** Data for review **
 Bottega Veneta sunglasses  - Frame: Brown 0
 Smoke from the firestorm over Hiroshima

...

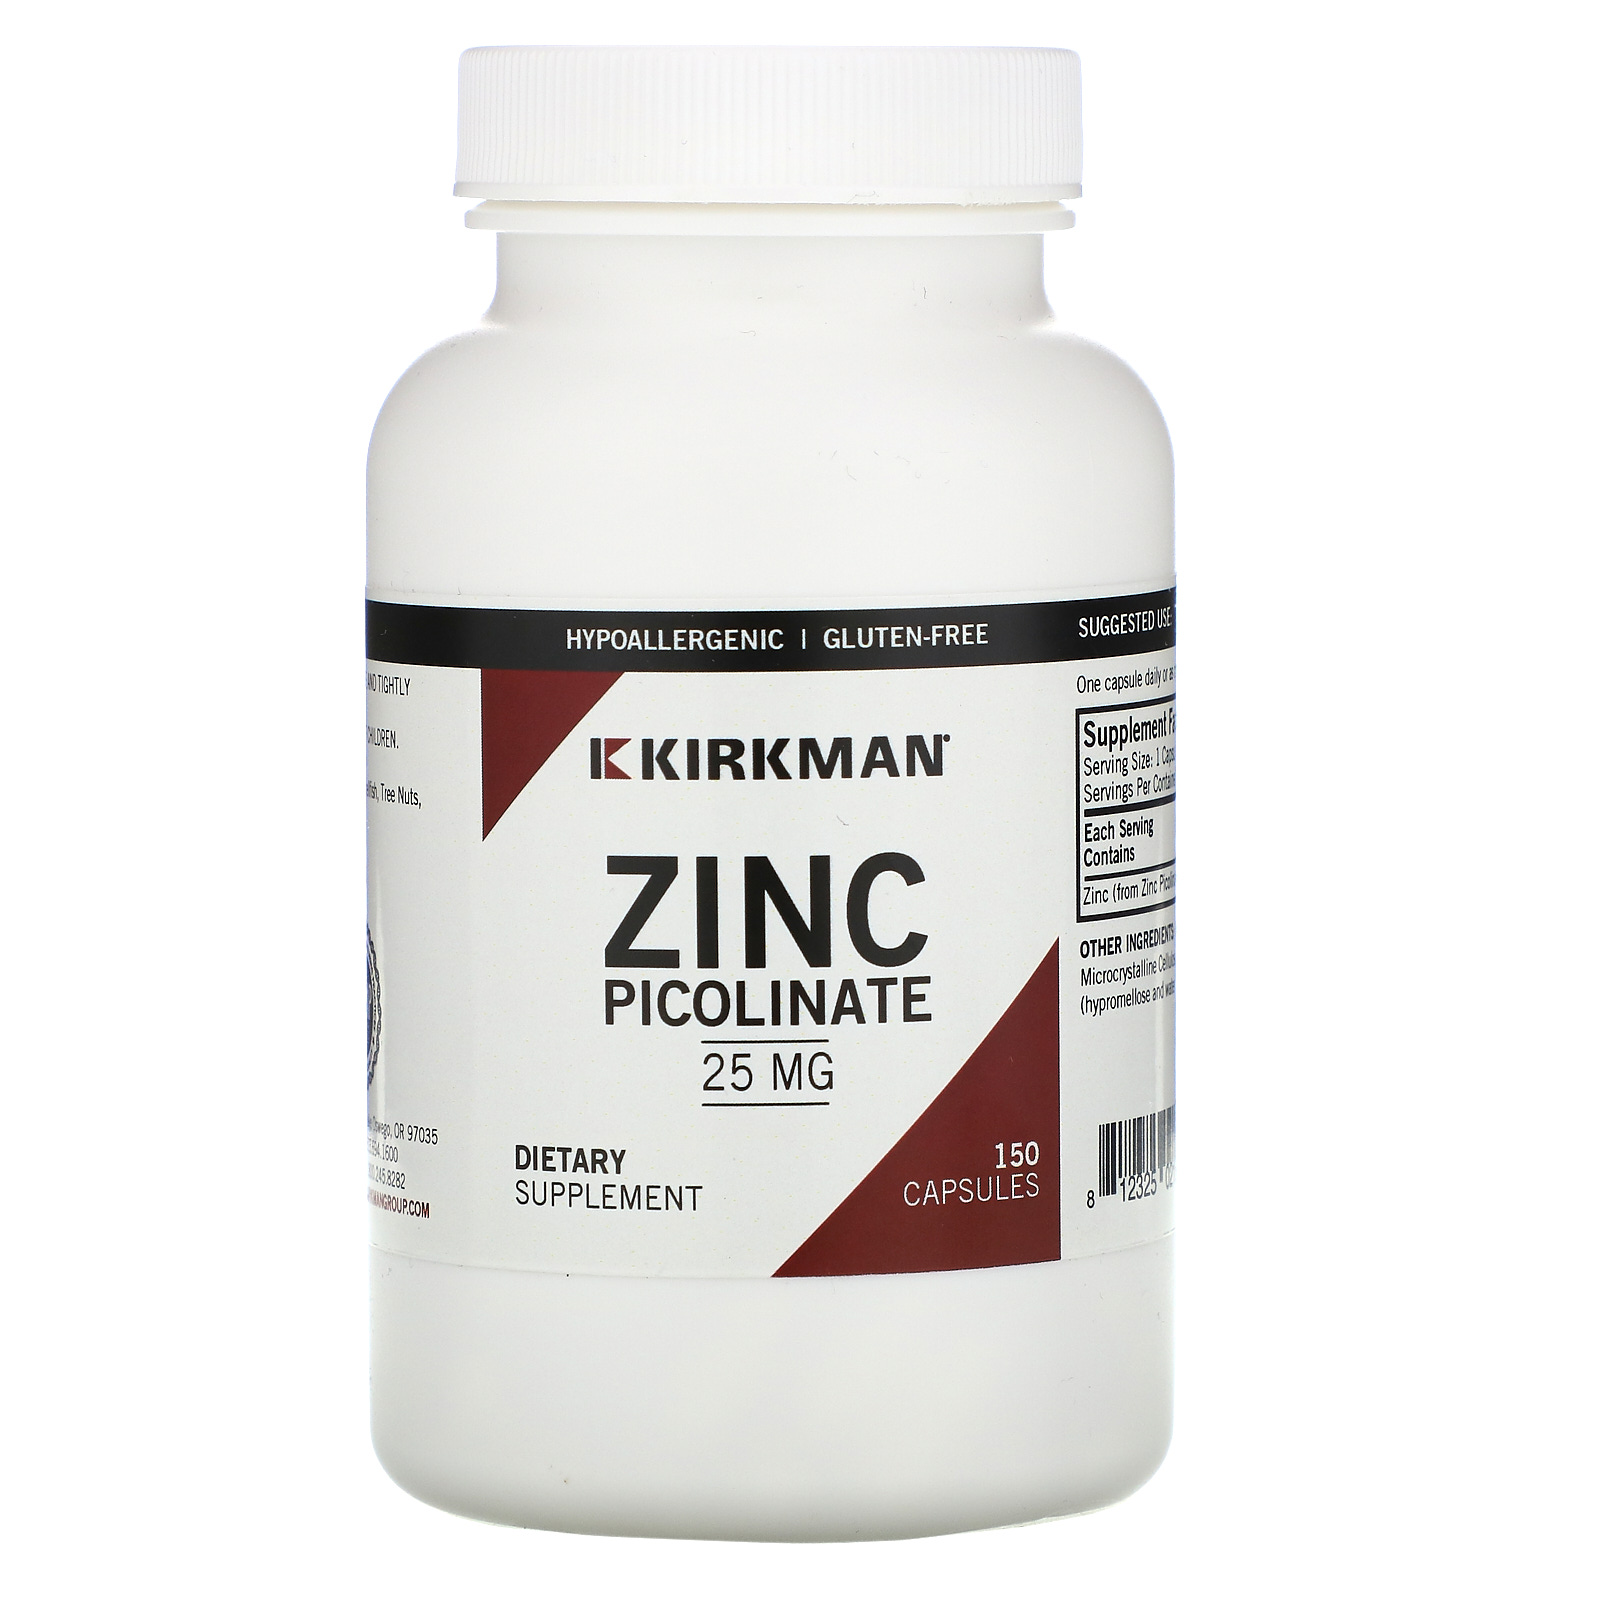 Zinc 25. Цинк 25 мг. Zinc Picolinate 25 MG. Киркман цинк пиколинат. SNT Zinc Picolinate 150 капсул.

** Goal of the exercise **
Print exactly the lines above from the one with "Bottega Veneta sunglasses" to the one with "Smoke from the firestorm over Hiroshima", including both.

** Solution for this task **
 Bottega Veneta sunglasses  - Frame: Brown 0
 Smoke from the firestorm over Hiroshima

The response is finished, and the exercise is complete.